Une anecdote qui en dit long...

Médecin américain de très grande renommée, clinicien sagace et thérapeute avisé, Steewart Wolf avait la passion de la recherche, et, comme tout chercheur, il était souvent en proie au démon du doute : en témoigne cette anecdote, rapportée dans l’une des plus grandes revues de pharmacologie5. Depuis de nombreuses années, il traitait un patient asthmatique chronique en proie à des crises quasi permanentes depuis ses dix sept dernières années. Wolf demanda à un laboratoire pharmaceutique de lui fournir un nouveau médicament, qui avait la réputation d’être particulièrement efficace dans cette affection. Il le reçut et le fit prendre à son patient qui s’en trouva fort bien ; suspectant une amélioration d’ordre psychologique, il commanda au laboratoire un placebo de ce médicament, donné à l’insu de son patient, qui rechuta aussitôt. Aussi Wolf répéta-t-il plusieurs fois l’expérience : chaque fois que son patient prenait le médicament, il s’en trouvait fort bien, et rechutait à chaque nouvelle prise de placebo. Peut-on trouver meilleure démonstration de l’efficacité d’un médicament ? Pourtant, Wolf apprit plus tard par le laboratoire que depuis le début son patient n’avait reçu...que du placebo ! En effet, des rapports beaucoup trop enthousiastes envoyés au laboratoire par les médecins avaient conduit la firme pharmaceutique à ne fournir que du placebo lorsque des praticiens lui demandaient ce nouveau remède.
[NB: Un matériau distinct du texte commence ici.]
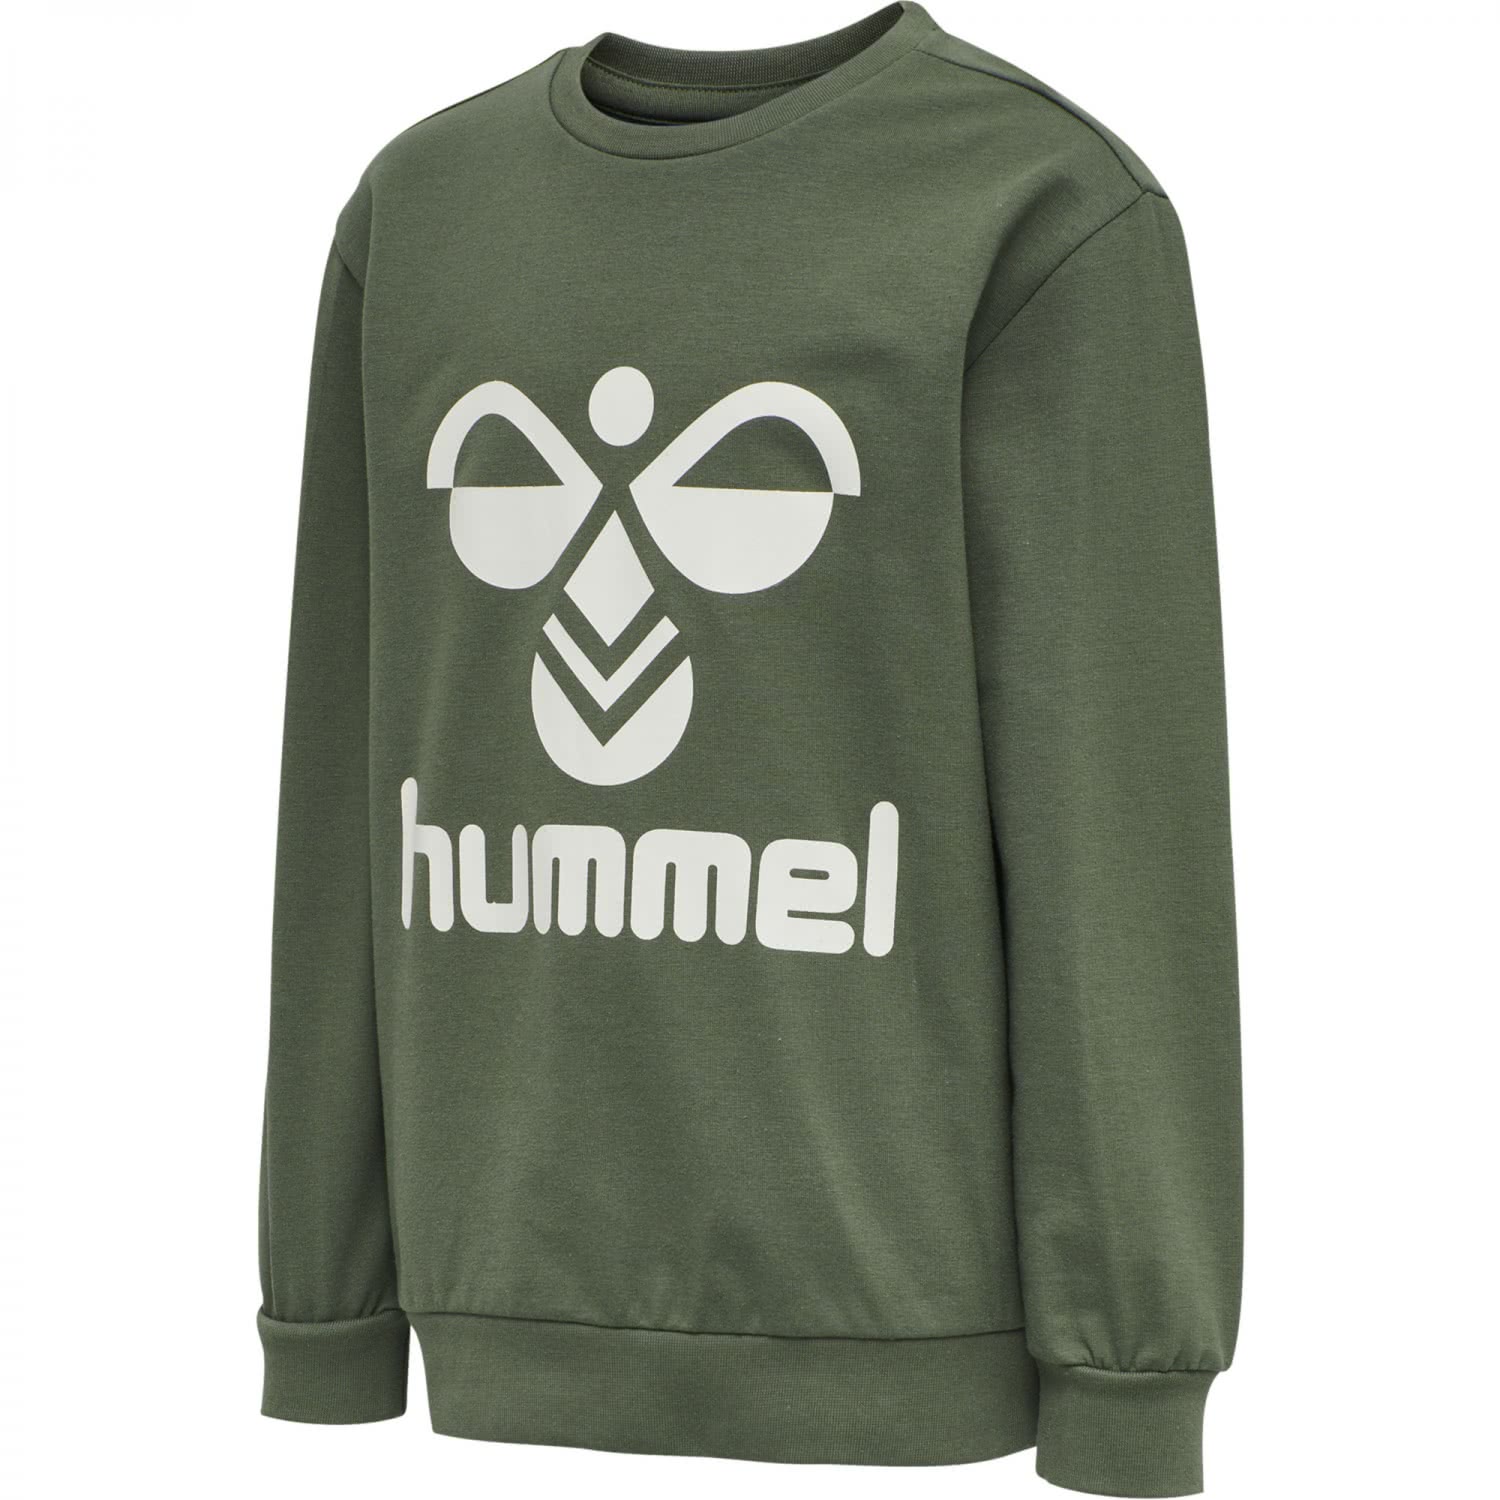 Sweatshirt Kinder 203659 Dos | eBay Hummel

On a souvent prétendu que le placebo mimait les effets (positifs et négatifs) du médicament véritable avec une moindre intensité. Cela est largement vrai si l’on se réfère à l’ensemble des données disponibles issues des essais cliniques contrôlés. Mais il n’est pas absurde de penser que la situation d’essai dans laquelle se trouve un patient volontaire pour les tester peut dans certains cas diminuer la probabilité de réponse placebo (comme elle peut l’augmenter dans d’autres). En témoigne cette expérience : des élèves policiers sur le point d’assister à leur première autopsie, habituellement anxiogène, sont avertis qu’un médicament destiné à lutter contre cette anxiété - en l’occurrence un bêtabloquant - va leur être distribué, ou non, avec un jus d’orange. Séparés par tirage au sort en quatre groupes (un comprimé de bêtabloquant, un comprimé de placebo, pas de comprimé mais le bêtabloquant dissous dans le jus d’orange, jus d’orange sans rien), ils assistent alors à l’autopsie puis répondent à un questionnaire destiné à évaluer leur niveau d’anxiété. Les élèves qui ont reçu le comprimé de placebo et ceux qui ont absorbé le bêtabloquant dissous dans le verre de jus d’orange constatent une réduction identique de leur niveau d’anxiété. Dans ce cas précis, l’on peut conclure que l’effet d’un placebo égale l’effet pharmacodynamique du médicament auquel il est comparé6 !

Placebo de chirurgie...

Pour vérifier l’intérêt de la ligature de l’artère mammaire interne dans le traitement de l’angine de poitrine rebelle, Diamond réalisa l’essai suivant : 18 sujets atteints de formes graves d’angine de poitrine furent opérés. 13 subirent la ligature. 5 furent simplement endormis, le chirurgien se contentant de pratiquer une simple incision cutanée pour leur faire croire qu’ils avaient été réellement opérés. Ces derniers se portèrent aussi bien que les autres7. L’année suivante, Cobb utilisa un protocole expérimental beaucoup plus rigoureux que celui de Diamond : le chirurgien n’était prévenu qu’au moment de l’intervention. 17 patients furent opérés8. Huit subirent l’intervention et neuf le simulacre. Six mois après l’intervention, 5 sujets de chacun des groupes présentaient une réduction significative du nombre de crises d’angor et de la consommation d’antiangineux. L’électrocardiogramme s’était même amélioré chez un patient qui avait subi l’intervention placebo.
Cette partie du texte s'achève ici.